The SF Group Chat

Apr 3, 2026

Nobody tells you about The Group Chat before you move to SF.

There's no orientation. But the moment you start building here, you're already in it, and it's already forming an opinion about you.

The Group Chat is the invisible, collective judgment that SF's investors, founders, and operators hold about you and your startup. It's shaped by what you post on X, your pitches, news, rumors, and hallway chatter. Think of it like a massive WhatsApp group that everyone important is in – except no one ever added you, and you can't see the messages.

The Group Chat has two powers. When The Group Chat's wind is a tailwind, raising money is easy. You get inbound from investors, talented employees want to join your company, your reply rate is close to 100%, and you can get an intro to almost anyone. Sometimes you can even get term sheets without pitching. When The Group Chat's wind is a headwind, everyone ghosts you and leaves you on read. Investors who have already said "yes" can pull away from the round. Hiring becomes hard, as SF is a very competitive place, and talent stops believing you'll win.

The first SF Group Chat is obviously Twitter. If your launch goes viral on X, investors & customers start talking about you. When you do it several times in a row in a short amount of time, you become "the hot company" – everyone calls it "momentum", and your biggest goal is to never lose momentum. It makes sense why it works like that: X is the social network for the entrepreneurs & the most powerful people in the world. If your post on X reaches 1M views, it's safe to assume at least 1000 investors saw that launch at the same time – each one assuming the other 999 are already in your inbox. Paul Graham famously wrote that the biggest thing that matters for investors in fundraising is the opinion of other investors about you.

I first learned this when my co-founder @levan told me the way to raise in SF is to be viral on X. Then I heard it again when Hubert Thiebolt from Founders, Inc. said to me in Dec 2024: "There are two ways to raise money in San Francisco: YC Demo Day and Twitter".

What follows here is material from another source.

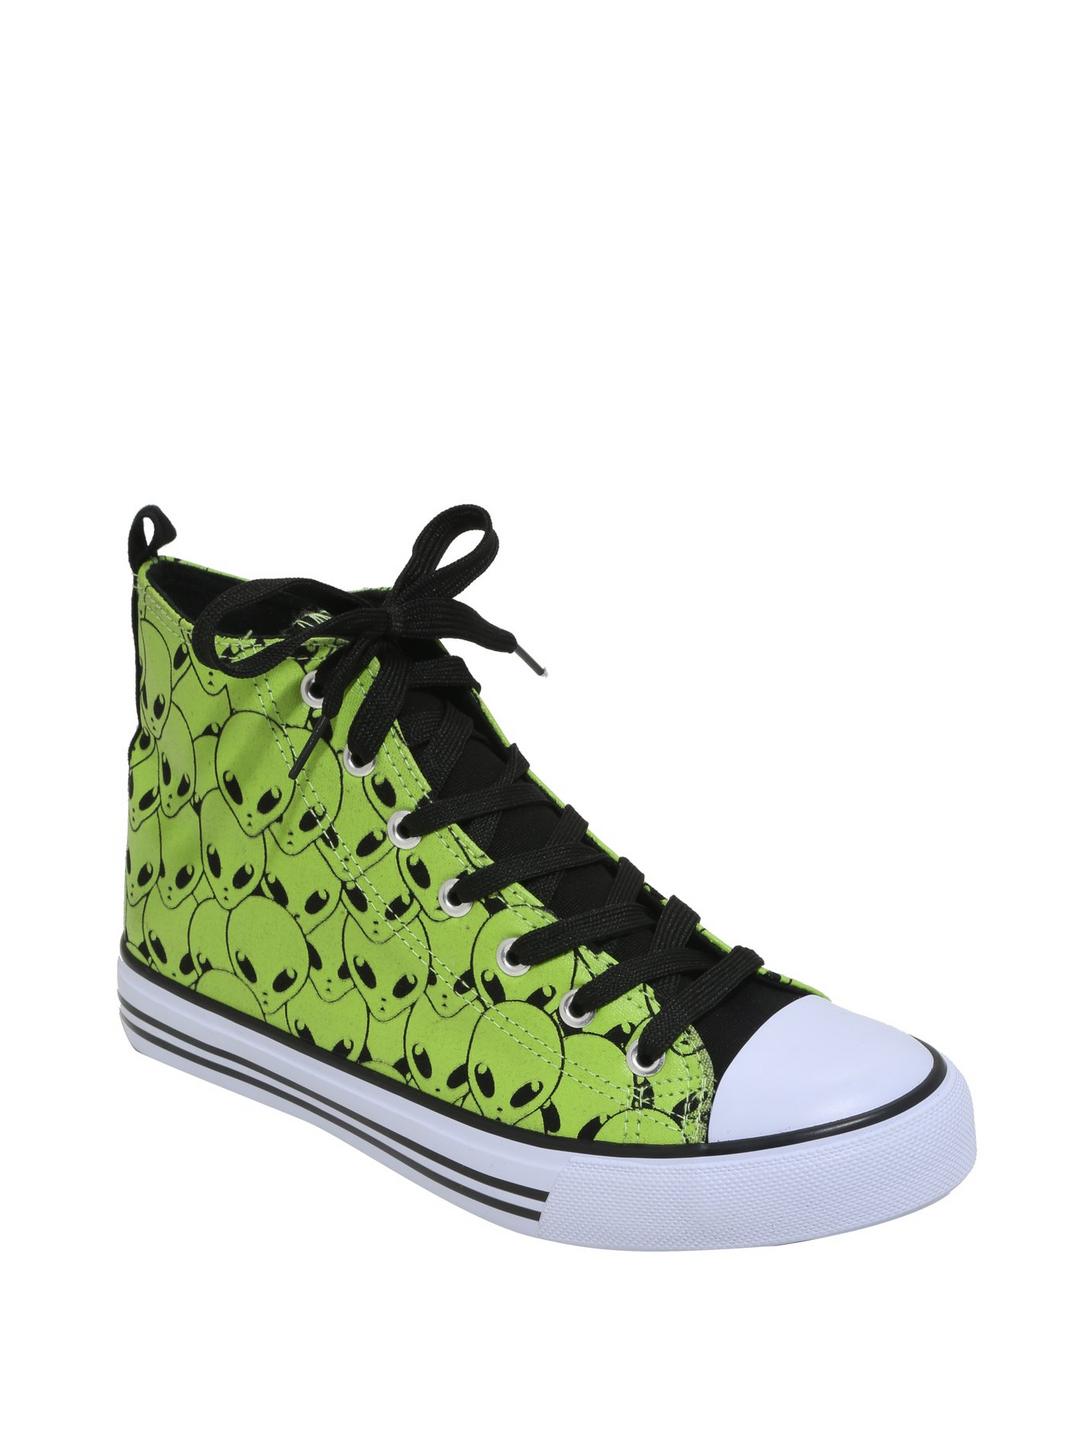 Green Alien Hi-Top Sneakers, GREEN, hi-res
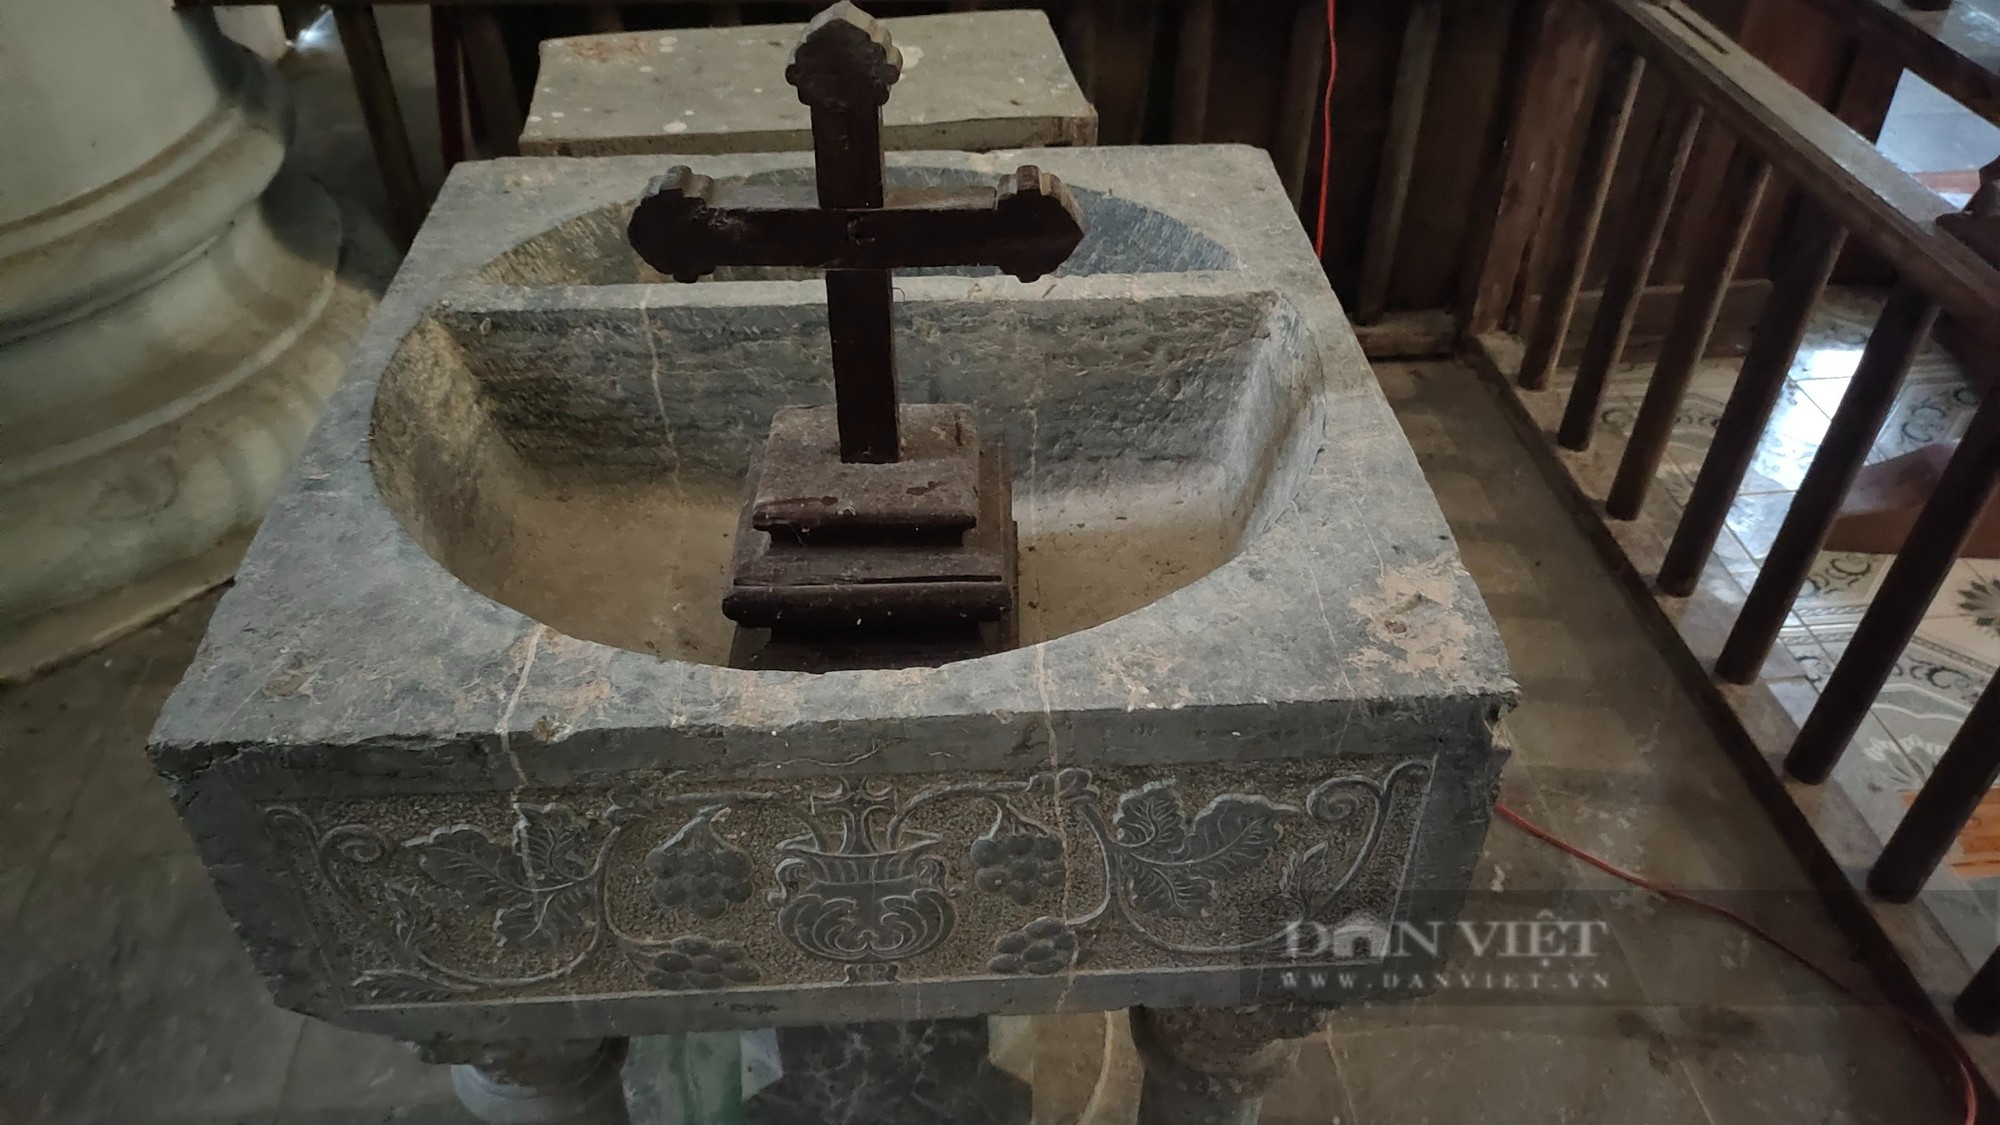 Bí ẩn về 2 bộ hài cốt đang được lưu giữ tại nhà thờ hơn 100 tuổi ở Ninh Bình - Ảnh 2.

But there is a second, private group chat. The one that is the actual sum of all WhatsApp group chats and private parties. This chat can be bad news for those who come here with a pure, naive American dream. But as we know, life doesn't owe it to anyone to be fair – it makes sense why it currently works this way. SF and the US operate on speed and high trust, so private circles of power naturally form around circles of high trust in the place that runs the world's tech.

There are three ways to influence the group chat. Growing fast, getting attention on Twitter from smart people, and influencing powerful people at closed private parties.

The Group Chat fosters the collective thinking nature of SF – people call it "the SF hive mind". Collective thinking gives a one-sided view of the world. It enables fast deals and innovation, but can kill the most contrarian ideas and contrarian founders. Paradoxically, groupthink makes SF founders miss obvious ideas, too. Groupthink is one of the reasons Rork, founded by two immigrants with no network, is winning (apart from the fact that Rork has the best team).

The Group Chat creates the best things in the world. But The Group Chat also makes SF blind to groupthink.

That's why The Group Chat is the best and, at the same time, the worst thing that happened to San Francisco.

Just move to SF – The Group Chat will change your life.